Start of SUPPLIED DATA
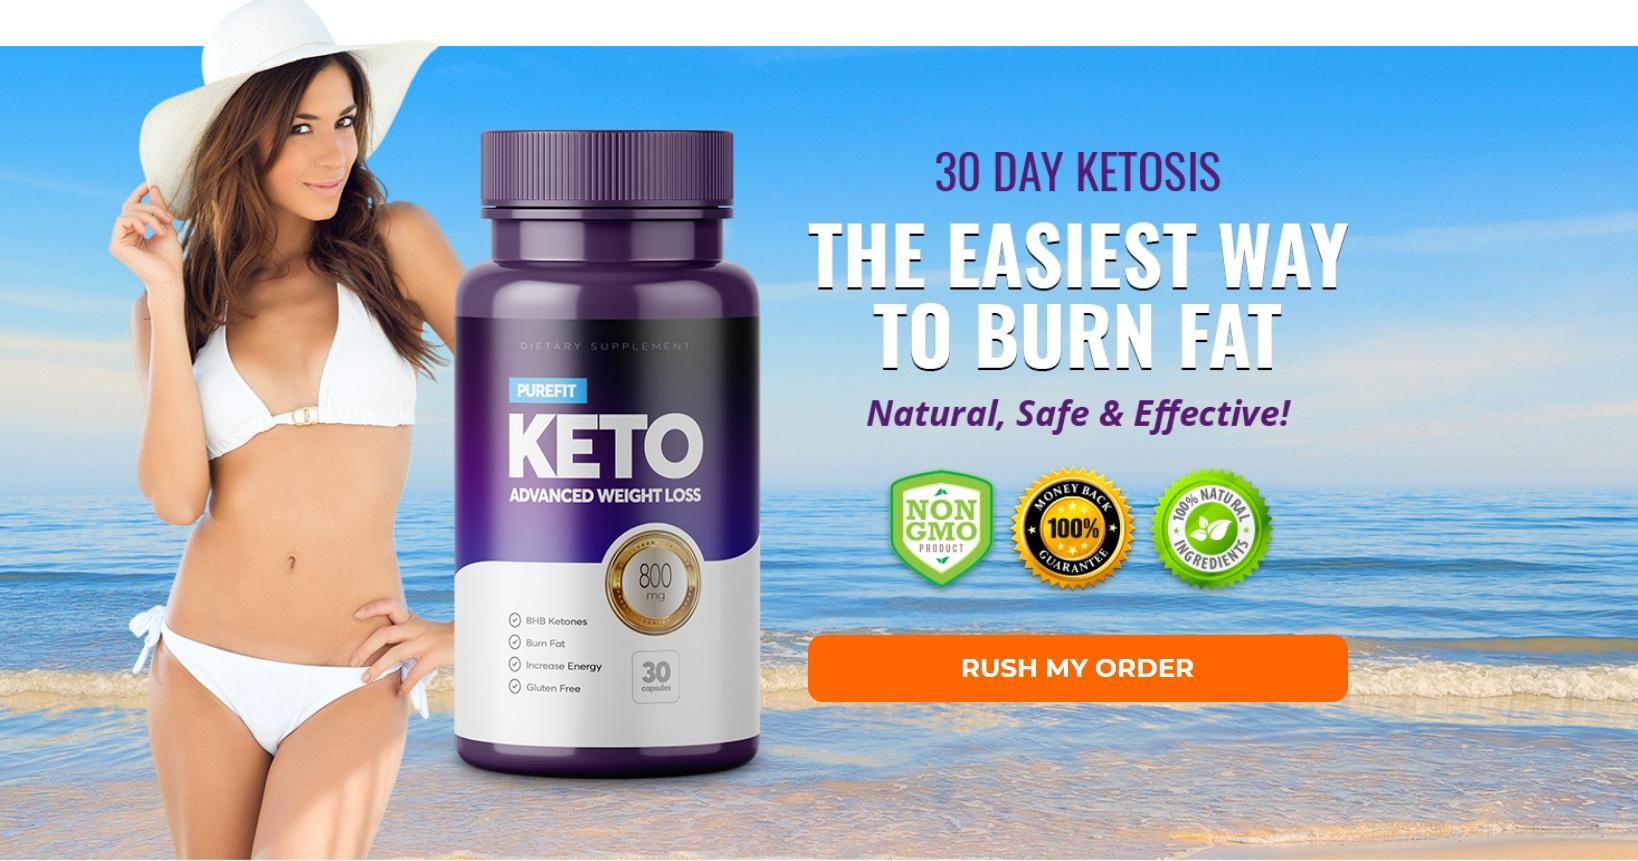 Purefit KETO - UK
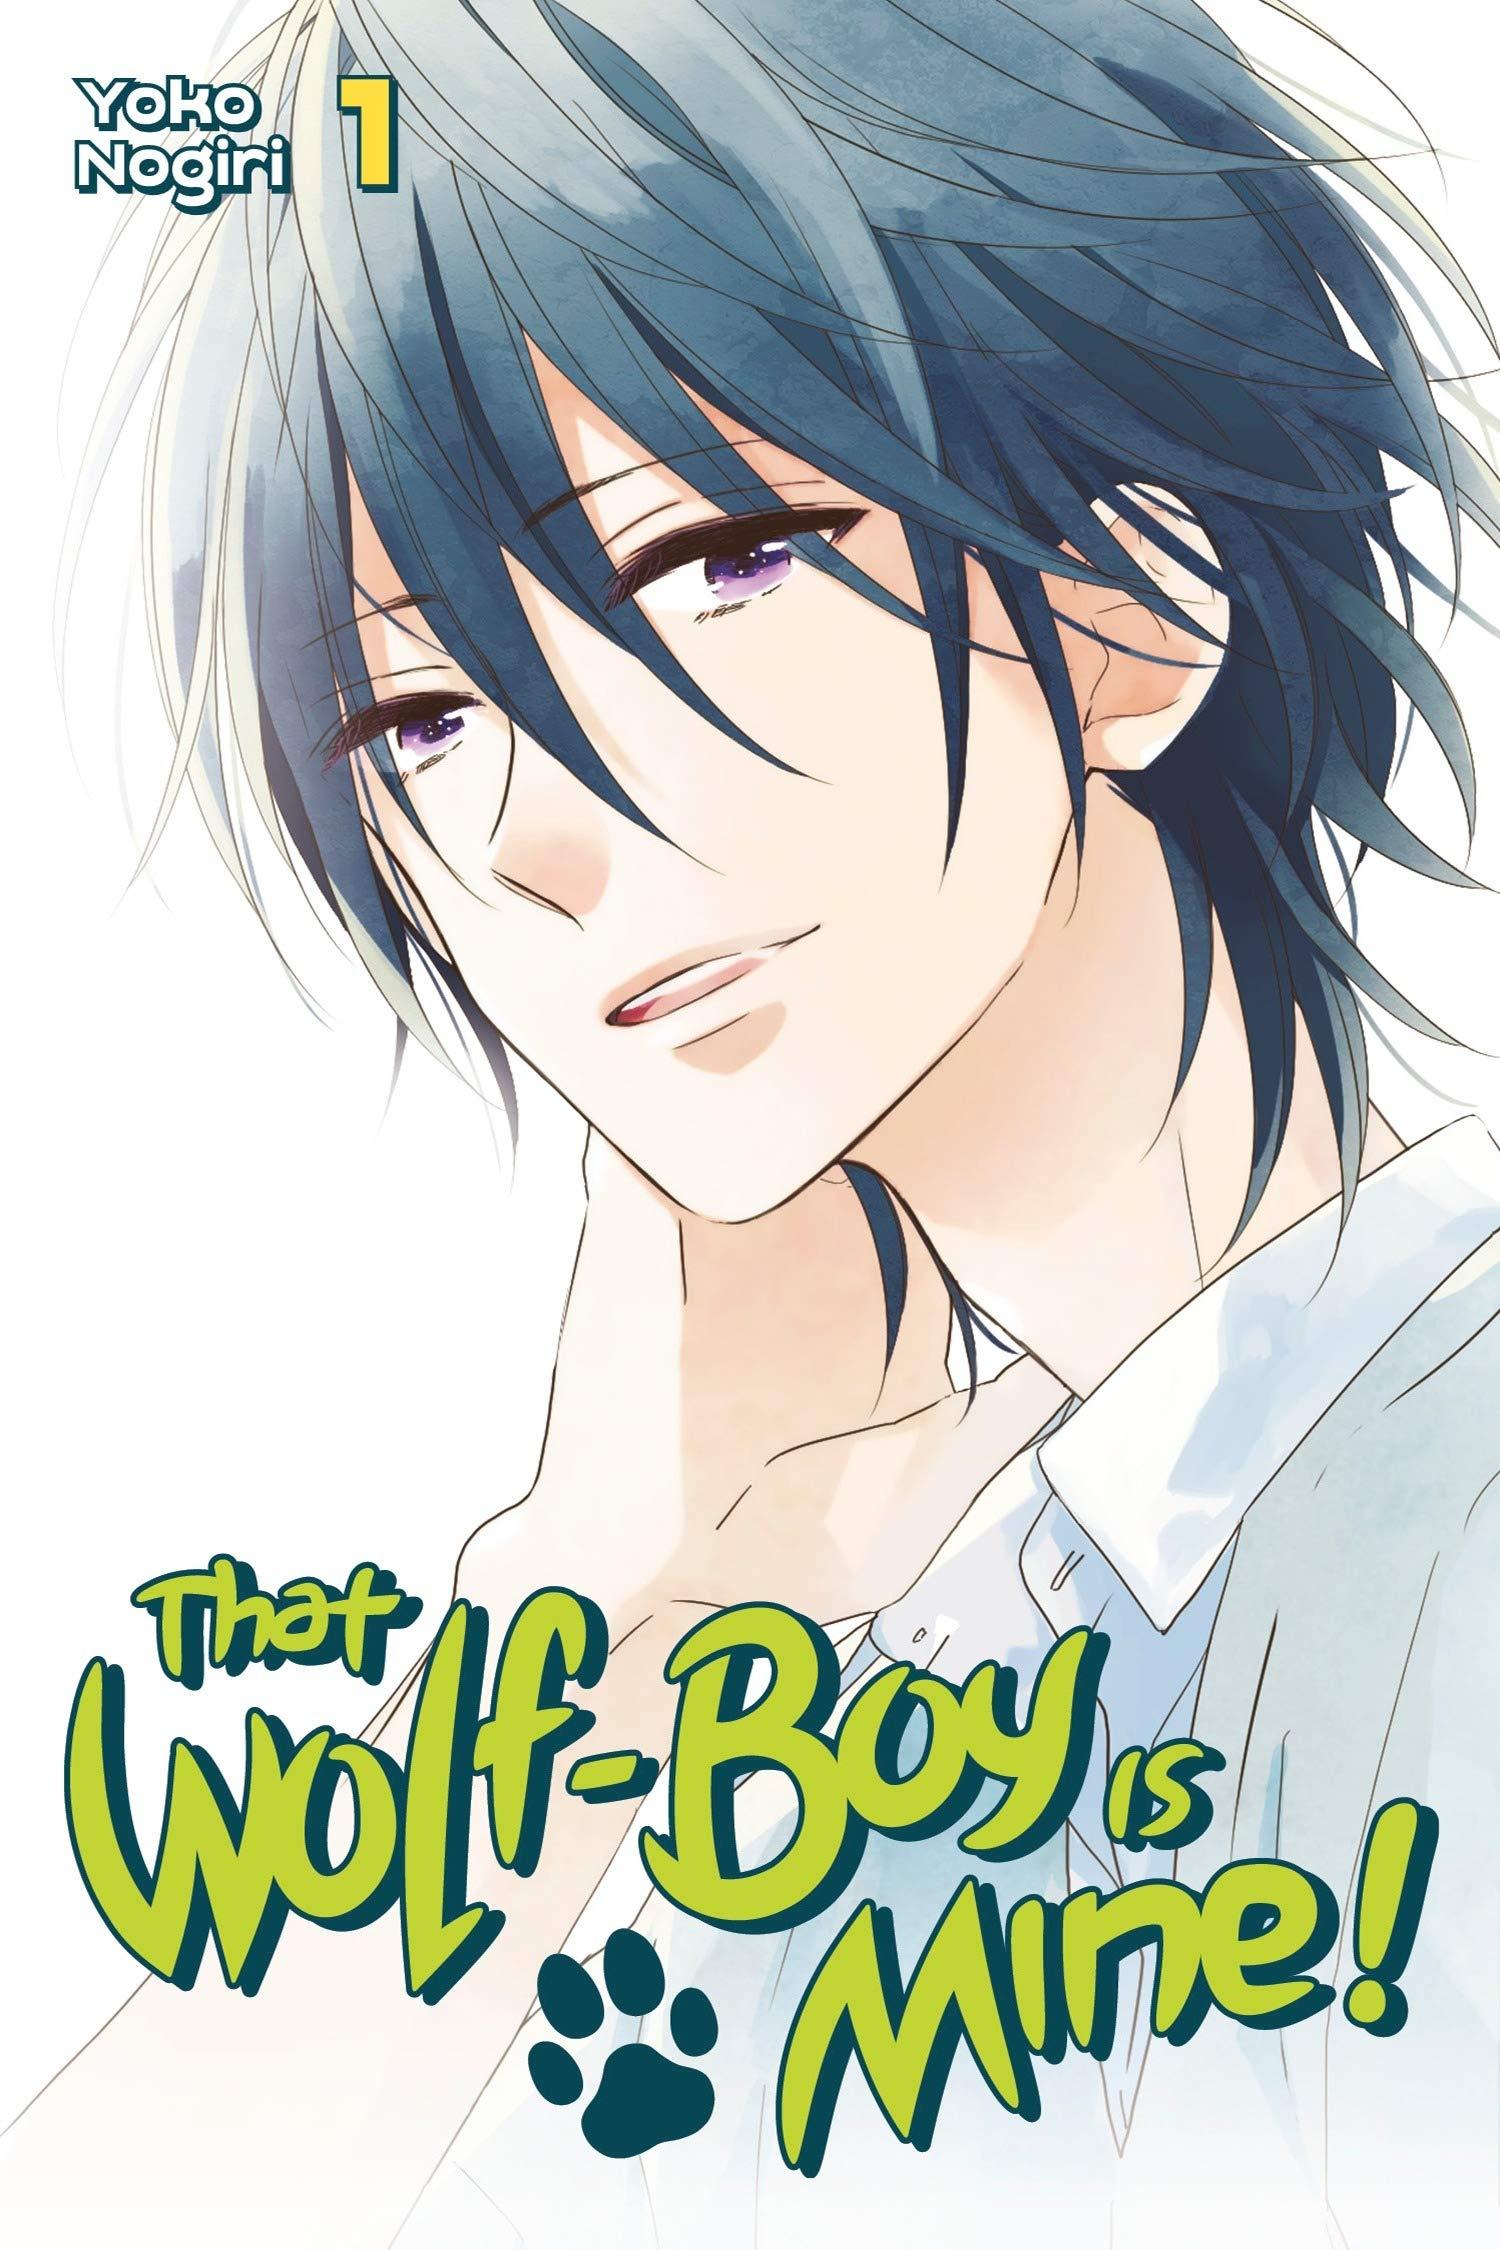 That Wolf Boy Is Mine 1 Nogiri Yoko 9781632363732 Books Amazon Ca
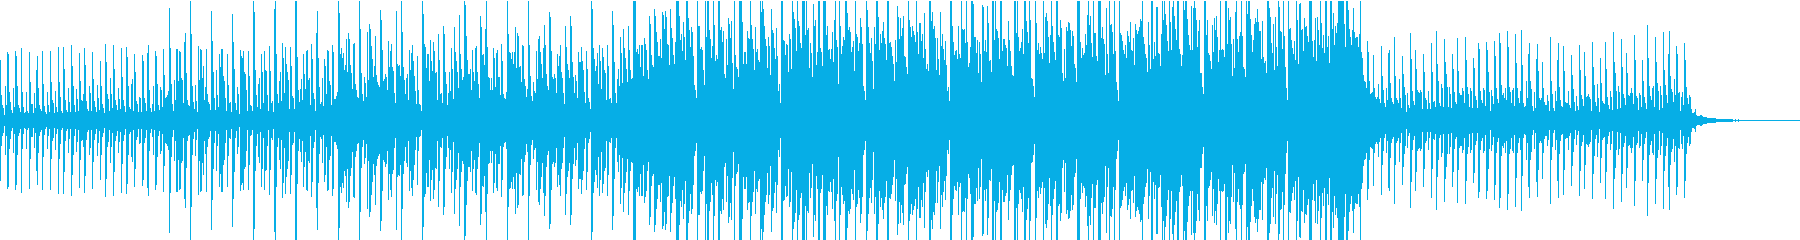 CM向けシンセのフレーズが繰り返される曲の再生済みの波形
End of SUPPLIED DATA
#### WORK INSTRUCTIONS
With the pictures excluded, restate the material exactly as it stands.

#### EXERCISE OUTPUT
 Purefit KETO - UK
 That Wolf Boy Is Mine 1 Nogiri Yoko 9781632363732 Books Amazon Ca
 CM向けシンセのフレーズが繰り返される曲の再生済みの波形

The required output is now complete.